I'd always been average, well apart from my name. My parents had been going through a hippie stage when they had me, so unlike my siblings who got the normal names, complete with a middle name, I was simply Soar. I guess my parents expected great things of me. But for the most part I was average. My height and weight were both average, and my hair was that common brown that so many people had. Even my eyes were average - not quite blue or green, more of a grey.
Being average worked for me. Teachers didn't notice me overly much, but I had friends. They might not have been the glossy, skinny and beautiful girls that were popular in the school, but they suited average old me.
However over time things began to change. I guess the standout point which categorizes it all was the day my mum and I were arguing over my average grades. It was one area where they were right to expect more for me, but for some reason I always insisted on not fulfilling my potential.

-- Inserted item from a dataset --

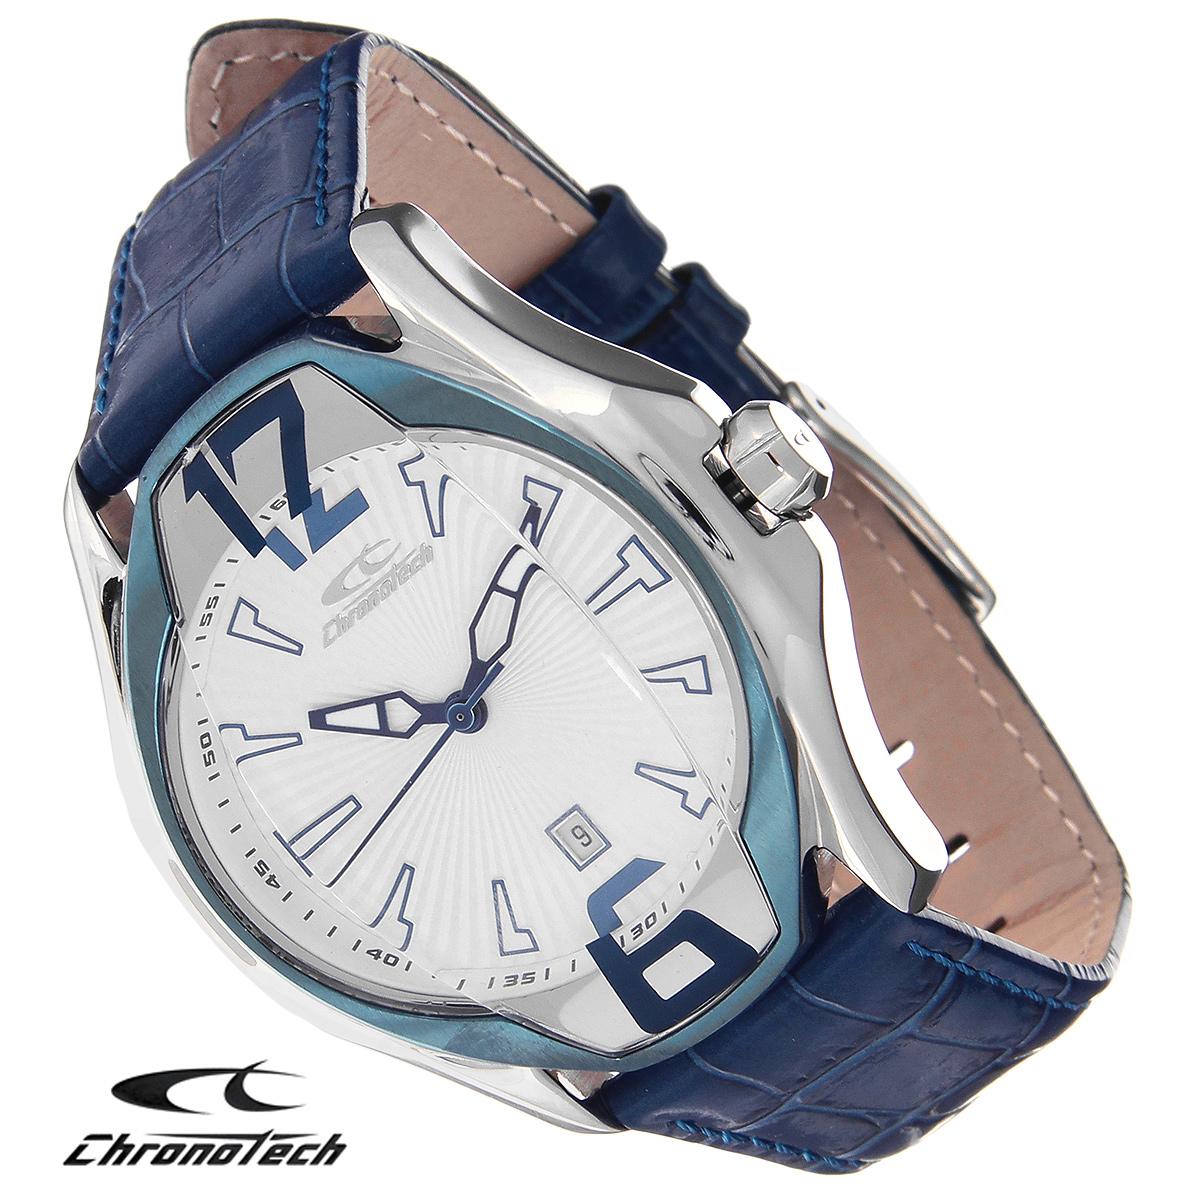 Часы мужские наручные Chronotech, цвет: синий. RW0032BM8434-58AEЧасы Chronotech - это часы для современных и стильных людей, которые стремятся выделиться из толпы и подчеркнуть свою индивидуальность. Корпус часов выполнен из нержавеющей стали. Циферблат оформлен арабскими цифрами и отметками и защищен минеральным стеклом. Часы имеют три стрелки - часовую, минутную и секундную. Часы имеют индикатор даты. Стрелки светятся в темноте. Ремешок часов выполнен из натуральной кожи с тиснением и застегивается на классическую застежку. Часы упакованы в фирменную коробку с логотипом компании Chronotech. Такой аксессуар добавит вашему образу стиля и подчеркнет безупречный вкус своего владельца.Характеристики: Диаметр циферблата: 3,5 см.Размер корпуса: 4,4 см х 5 см х 1,3 см.Длина ремешка (с корпусом): 26 см.Ширина ремешка: 2 см.

Mum had wanted to know if there was some problem, some reason why I didn't want to have good grades. I told her to forget it, and forget it she did. The whole fight was wiped from her mind, to such an extent that when she looked down at my report card a few minutes later there was a momentary confused expression on her face, before we started the argument again right from the start.
I soon realized that it was I who had caused her to forget the fight. It seemed I had a small ability over memory, something I realized a few days later when something similar happened again, this time with a friend of mine, when I caused her to forget some snide comment I had snapped at her.
However it wasn't just forgetting in which this weird ability worked. It seemed my ability to alter memory was endless. I was soon using it to my advantage, causing my parents to 'remember' letting me off chores, or promising to give me money. It was something I was completely fine with, even if I was abusing it.
Until the day I learnt that it wasn't just long term memory that was affected. The day an idle daydream I was having was suddenly played out before the whole class in their short term memories. Of course it had to be my daydreaming about a certain boy in the class, a boy who didn't know I existed until that day.
While there was no proof I caused the event which either scared or amused my entire class, people soon clicked since I was the leading lady. My parents were called into the school, my teachers were very concerned, there was talk of tests being run.
I had had little choice in the end. There was no way I could erase such a traumatic and memorable event from an entire class of people. But I could remove the supernatural element from my parents mind and from that of the teachers. And I could implant within them a sudden desire to send me to boarding school, for my own good, so that I could pay more attention to my studies.
And so here I was, average, and yet not so average, with a bizarre and unexplainable ability over memory. I had never asked for this, had never wanted this, but here I was, away from my friends and family in a new environment. I just hoped I could get the short term memory altering under control before a similar scene occurred.